Output element kind:
Float64Arrayforfloat16,bfloat16,float32,float64Int32Arrayforint8,uint8,int16,uint16,int32,uint32,boolBigInt64Arrayforint64,uint64
decodeFirstN
function decodeFirstN(
bytes: Uint8Array,
dtype: string,
n: number,
): Float64Array | Int32Array | BigInt64Array | null;Same kind mapping as decodeWeight. Decodes the first n elements (or fewer if the byte slice is shorter). Use this for previews of large tensors.
computeStats
function computeStats(values: Float64Array | Int32Array): WeightStats;The BigInt64Array output of decodeWeight is not a valid input - convert int64 weights to a numeric form first if you need stats.
interface WeightStats {
readonly count: number;
readonly min: number;
readonly max: number;
readonly mean: number;
readonly std: number;
readonly zeros: number;
readonly histogram: readonly number[]; // length 12, fixed-width bins between min and max
readonly heatmap: readonly number[]; // length 128, 16 cols x 8 rows, mean of consecutive chunks
readonly chunkSize: number; // values averaged per heatmap cell
}The histogram has 12 bins between min and max. When min === max, the entire count lands in the middle bin. The heatmap is 16 × 8 = 128 cells; each cell averages chunkSize = max(1, floor(count / 128)) consecutive values.

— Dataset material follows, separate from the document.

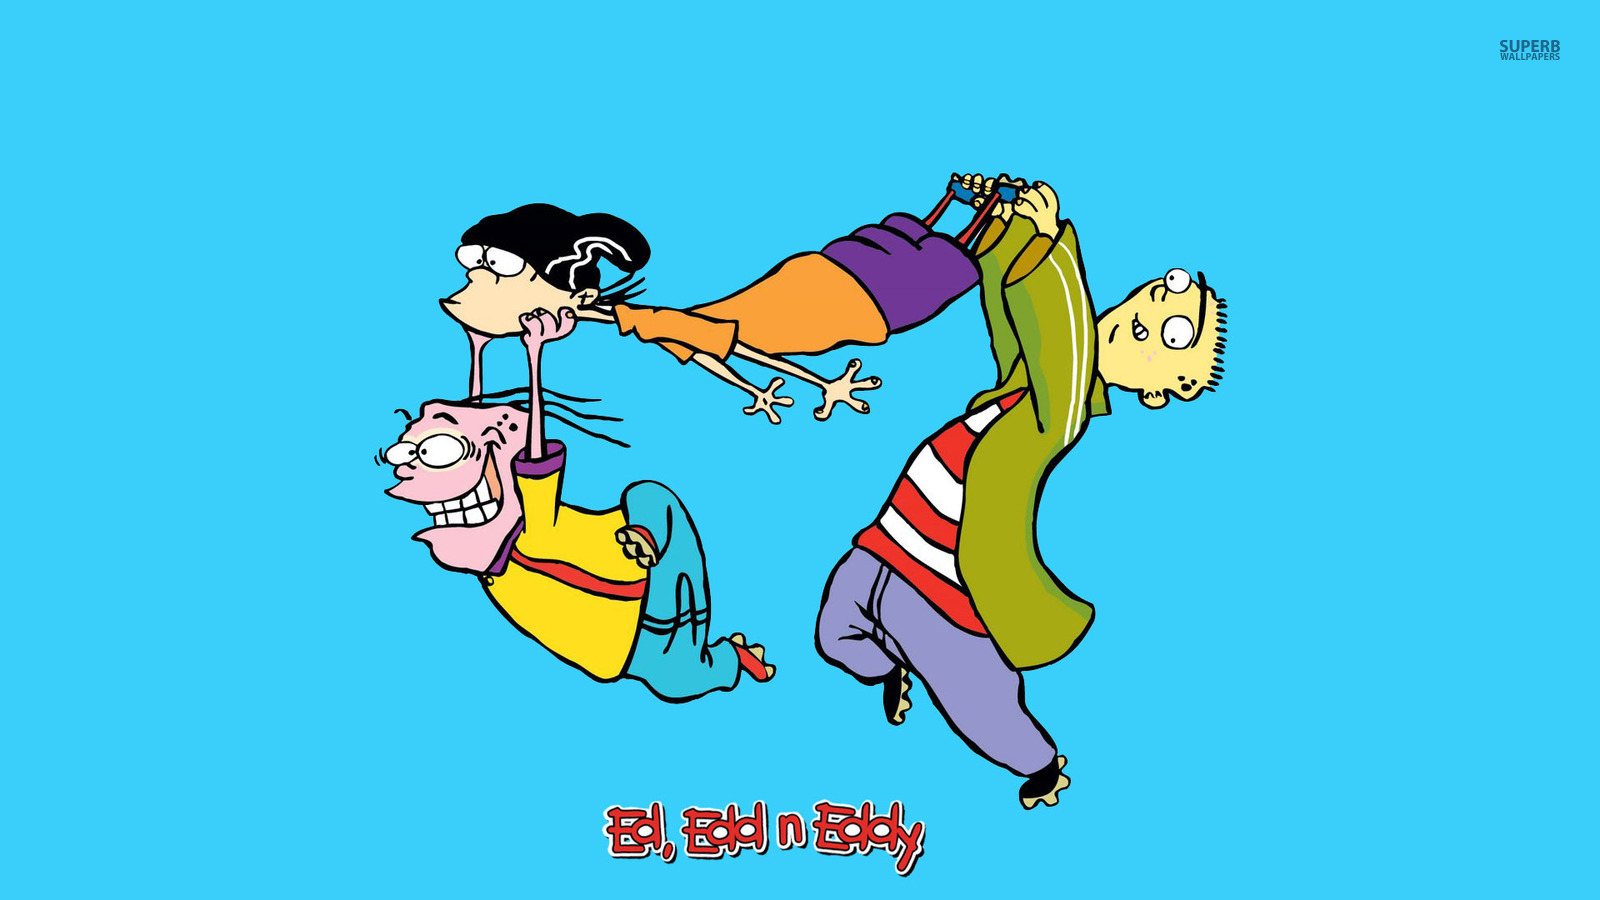 Ed, Edd n Eddy - Characters - Cartoon Network - wide 2

TF2 SavedModel checkpoint loader
import { loadSavedModelWeights, attachCheckpointToGraph } from "@wetron/savedmodel";
import type { LoadedCheckpoint } from "@wetron/savedmodel";
async function loadSavedModelWeights(indexFile: File, dataFile: File): Promise<LoadedCheckpoint>;
interface LoadedCheckpoint {
readonly weights: WeightSource;
readonly metas: ReadonlyMap<string, { dtype: string; shape: readonly number[] }>;
readonly fullNameToKey: ReadonlyMap<string, string>;
}
function attachCheckpointToGraph(graph: ModelGraph, loaded: LoadedCheckpoint): ModelGraph;loadSavedModelWeights reads the SavedModel checkpoint pair (variables.index + variables.data-00000-of-00001) and returns a WeightSource keyed by the SSTable key plus dtype/shape metadata.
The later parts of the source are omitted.